Record increases in US crude oil, natural gas reserves in 2010

Posted on 09 August 2012

US proved crude oil and natural gas reserves achieved record annual volumetric increases in 2010, according to a new report by the US Energy Information Administration (EIA). “The use of horizontal drilling and hydraulic fracturing in shale and other tight rock formations played an important role in the increase of oil and natural gas reserves,” Adam Sieminski, EIA administrator, said. “For both oil and natural gas, these reserves increases underscore the potential of a growing role for domestically produced hydrocarbons in meeting current and projected US energy demand.”

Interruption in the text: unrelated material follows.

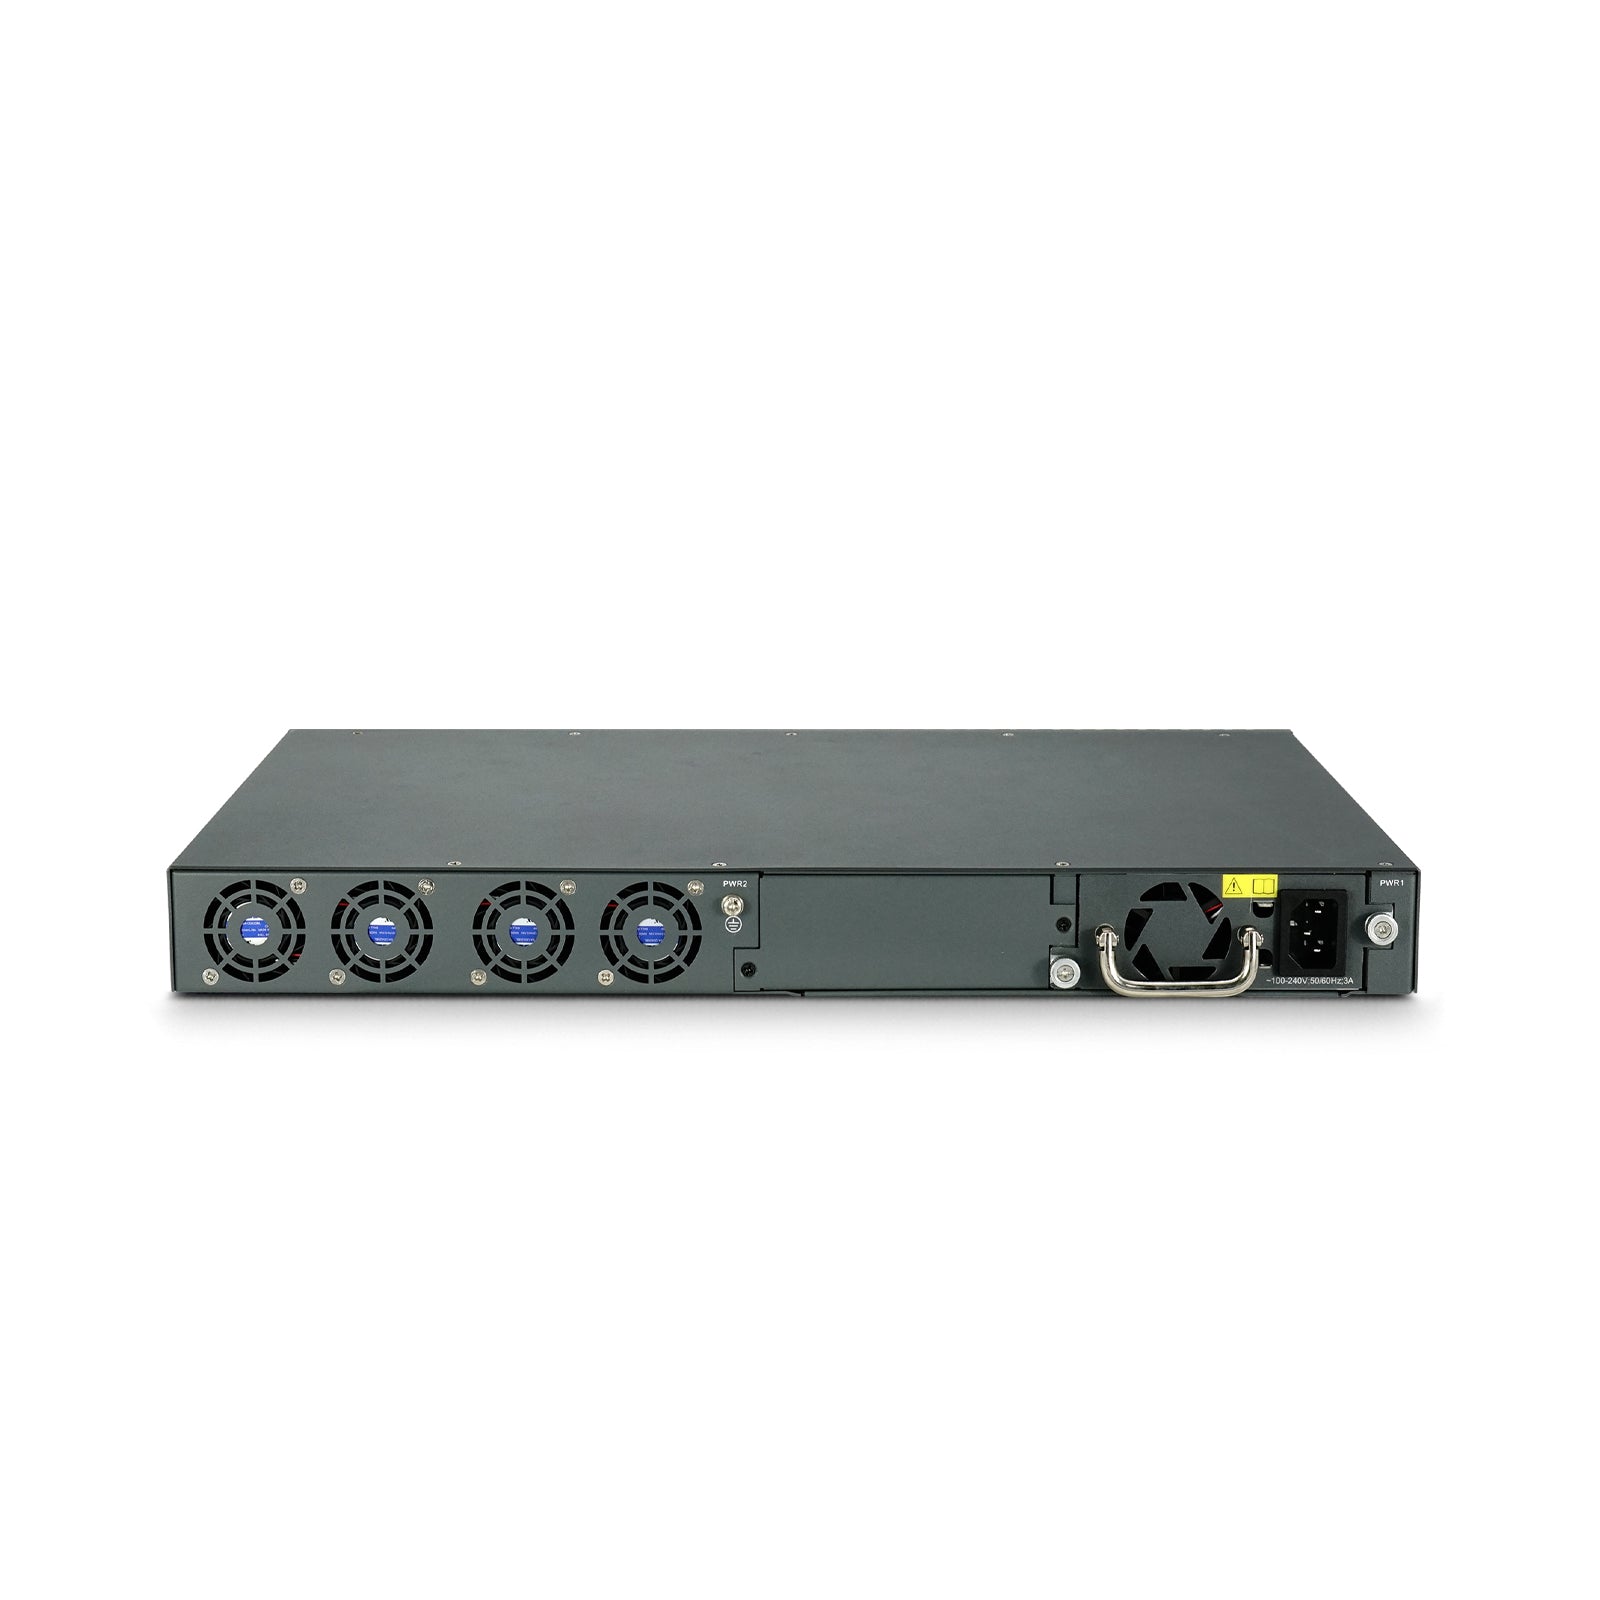 S7300-48TE4X2Q 48-Port Multi Gigabit L3 BGP Switch with 48x 100M/1000M/2.5GBASE-T RJ45, with 4x1G/10G SFP+ and 2x 40G QSFP+ Uplink Ports

Proved oil reserves, which include crude oil and lease condensate, increased by 13% in 2010 to 25.2 billion bbls, marking the second consecutive annual increase and the highest volume of proved reserves since 1991, according to the US Crude Oil, Natural Gas and Natural Gas Liquids Reserves 2010.

Among individual states, Texas recorded the largest volumetric increase in proved oil reserves, largely because of ongoing development in the Permian and Western Gulf Basins. North Dakota had the second-largest increase, driven by development activity in the Bakken formation in the Williston Basin.

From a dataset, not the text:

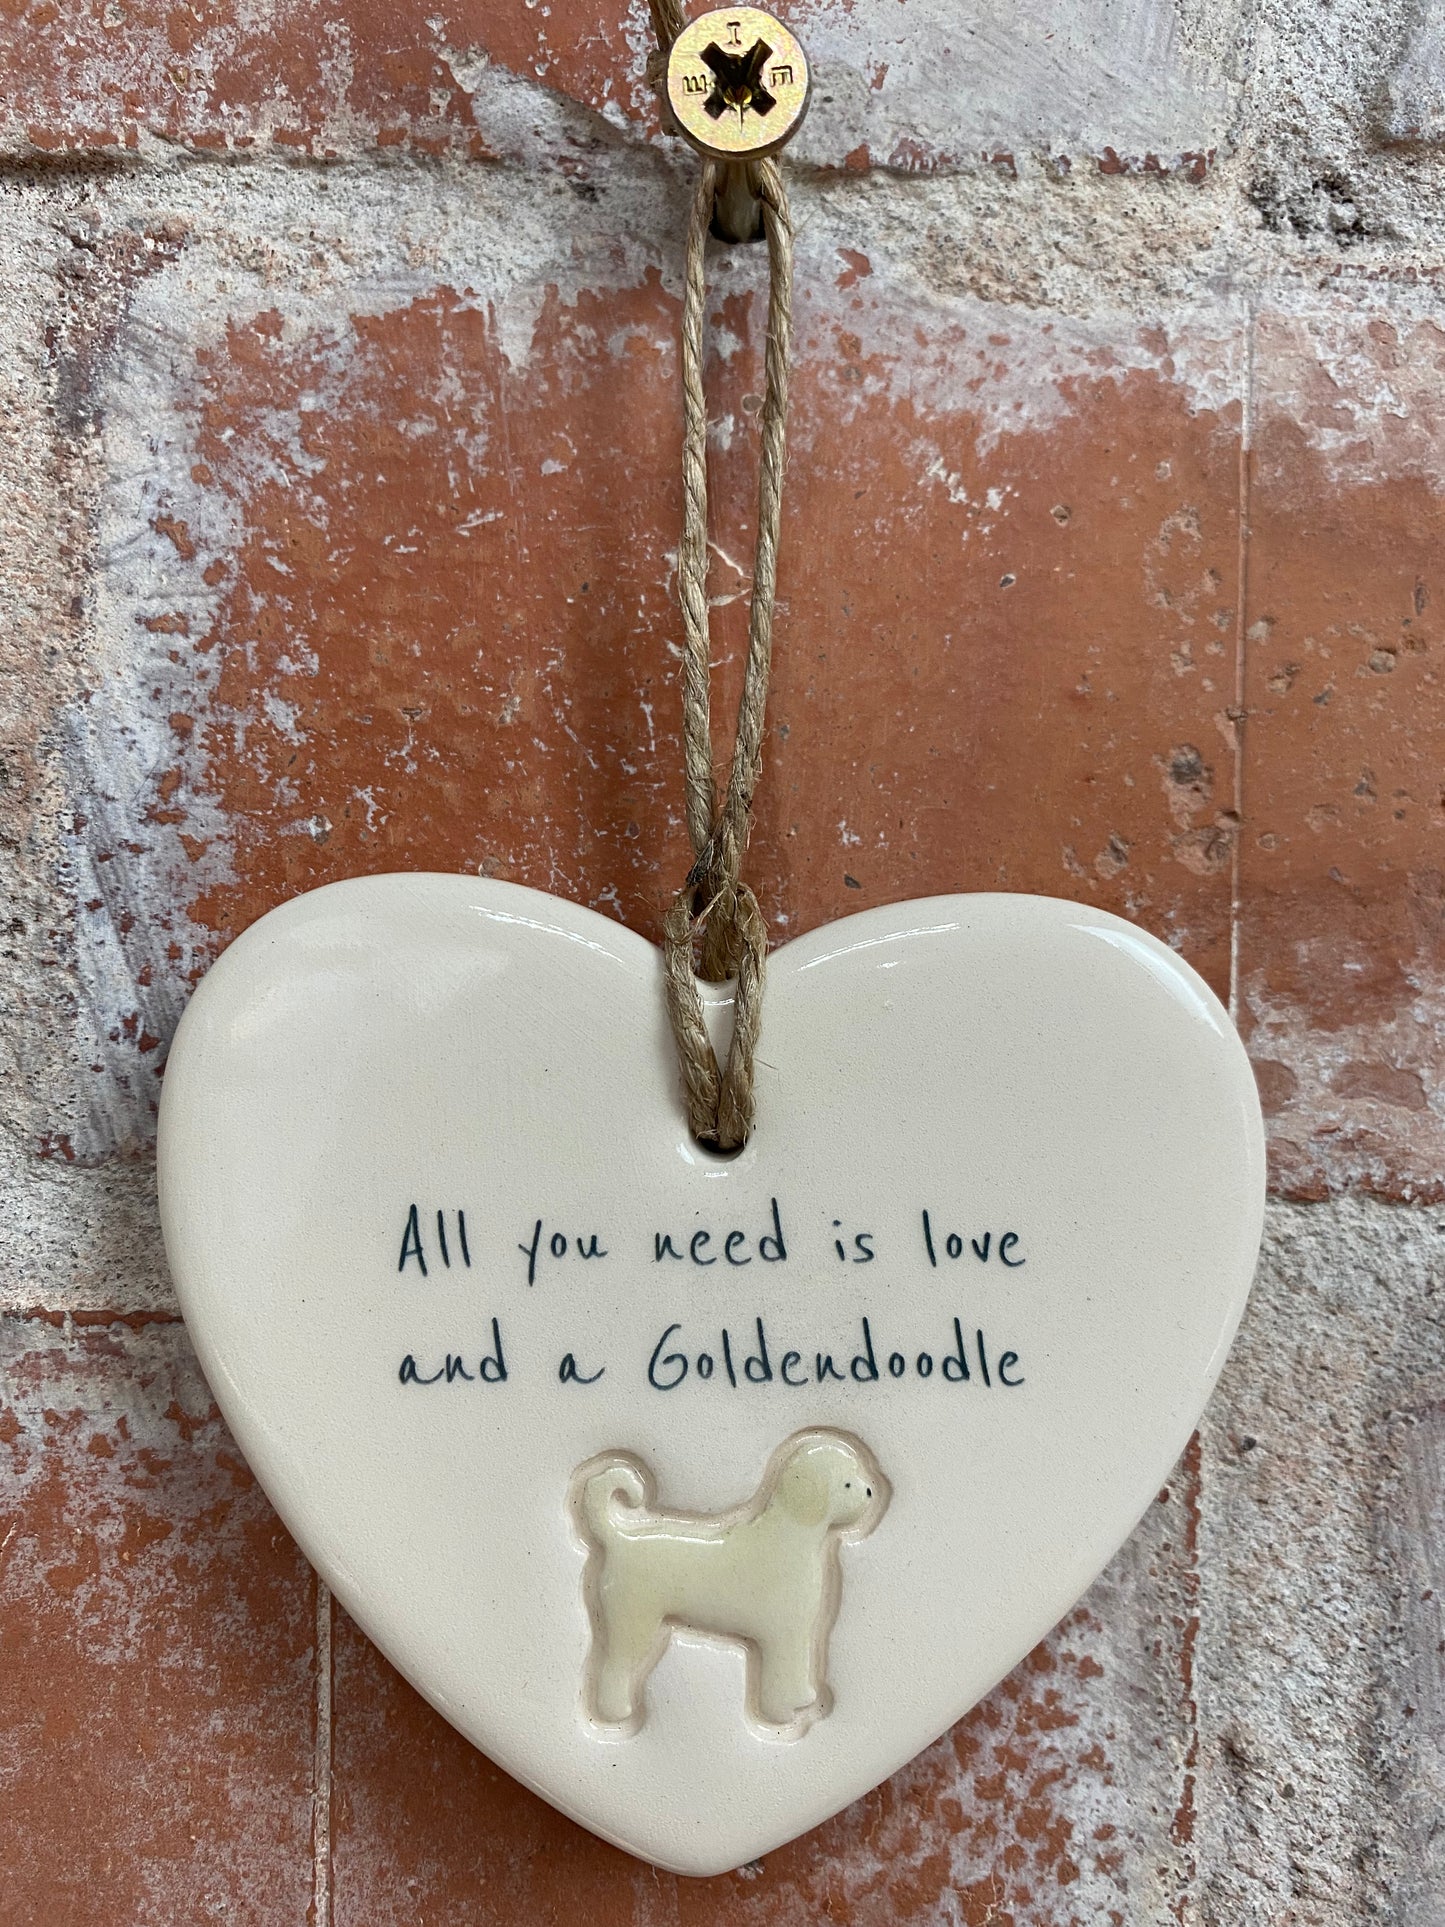 Goldendoodle heart

Natural gas proved reserves, estimated as “wet” gas that includes natural gas plant liquids, increased by 12% in 2010 to 317.6 Tcf, the 12th consecutive annual increase and the first year US reserves surpassed 300 Tcf.

Texas also led the nation in additions of natural gas proved reserves, primarily because of continued development of the Barnett and Haynesville/Bossier shale formations. Louisiana had the second-largest volumetric increase, largely the result of ongoing development activity in the Haynesville. In Pennsylvania, accelerated drilling programs in the Marcellus more than doubled the state’s year-end 2009 volumes.

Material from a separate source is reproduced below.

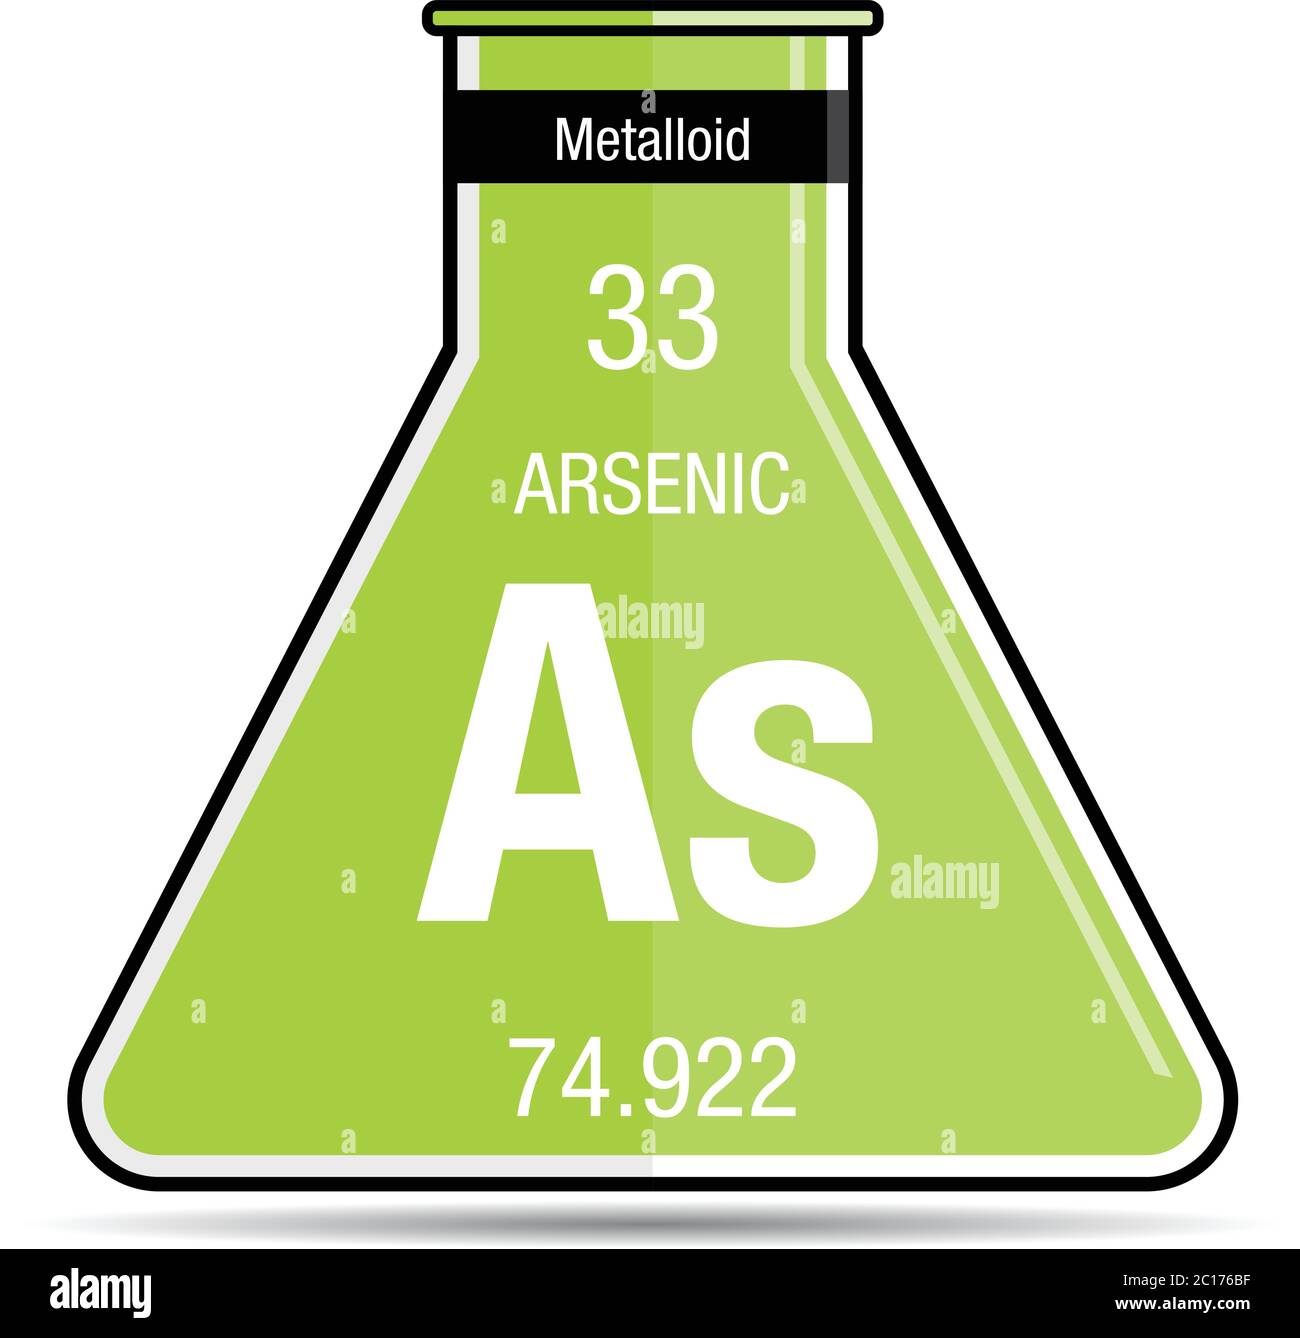 arsenic symbol

Contributing to the increases for both oil and natural gas proved reserves was the expanding application of horizontal drilling and hydraulic fracturing in shale and other tight formations. Another important factor for each fuel – particularly oil – was a higher price used to assess economic viability relative to the prices used for the 2009 reporting year.

Proved reserves are those volumes of oil and natural gas that geological and engineering data demonstrate with reasonable certainty to be recoverable in future years from known reservoirs under existing economic and operating conditions. EIA’s estimates of proved reserves are based on an annual survey of about 1,200 domestic oil and gas well operators.

Publication of 2010 reserves data was delayed because of budgetary restrictions that limited EIA’s survey data collection efforts. The 2010 report is available on the EIA Internet site here.